- Brief -
Given the listing below, write out exactly the lines starting with the line that has "A rocketship blasting" and going on through the line that has "Fistral Beach Newquay", both kept.

- Material to process -
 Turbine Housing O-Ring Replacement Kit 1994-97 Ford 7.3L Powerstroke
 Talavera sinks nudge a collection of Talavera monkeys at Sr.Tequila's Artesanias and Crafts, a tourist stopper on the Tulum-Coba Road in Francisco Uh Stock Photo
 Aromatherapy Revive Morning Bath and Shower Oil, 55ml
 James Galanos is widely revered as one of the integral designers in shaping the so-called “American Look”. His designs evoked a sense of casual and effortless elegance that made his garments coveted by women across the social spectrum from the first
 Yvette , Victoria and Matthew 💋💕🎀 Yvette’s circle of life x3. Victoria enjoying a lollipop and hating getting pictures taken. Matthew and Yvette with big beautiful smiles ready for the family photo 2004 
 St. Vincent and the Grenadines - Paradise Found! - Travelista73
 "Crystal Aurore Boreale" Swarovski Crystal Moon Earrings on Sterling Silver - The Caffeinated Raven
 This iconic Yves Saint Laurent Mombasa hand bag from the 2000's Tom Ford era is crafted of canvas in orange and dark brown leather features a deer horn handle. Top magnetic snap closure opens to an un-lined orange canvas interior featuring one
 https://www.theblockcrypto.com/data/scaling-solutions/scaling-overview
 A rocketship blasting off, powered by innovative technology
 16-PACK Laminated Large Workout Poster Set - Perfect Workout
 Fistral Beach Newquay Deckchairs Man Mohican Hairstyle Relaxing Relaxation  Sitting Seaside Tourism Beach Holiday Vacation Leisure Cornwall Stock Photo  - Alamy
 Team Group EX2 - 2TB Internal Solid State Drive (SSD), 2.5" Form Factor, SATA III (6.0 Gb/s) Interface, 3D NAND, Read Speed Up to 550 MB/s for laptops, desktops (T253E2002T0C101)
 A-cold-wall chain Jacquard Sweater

- Written response -
 A rocketship blasting off, powered by innovative technology
 16-PACK Laminated Large Workout Poster Set - Perfect Workout
 Fistral Beach Newquay Deckchairs Man Mohican Hairstyle Relaxing Relaxation  Sitting Seaside Tourism Beach Holiday Vacation Leisure Cornwall Stock Photo  - Alamy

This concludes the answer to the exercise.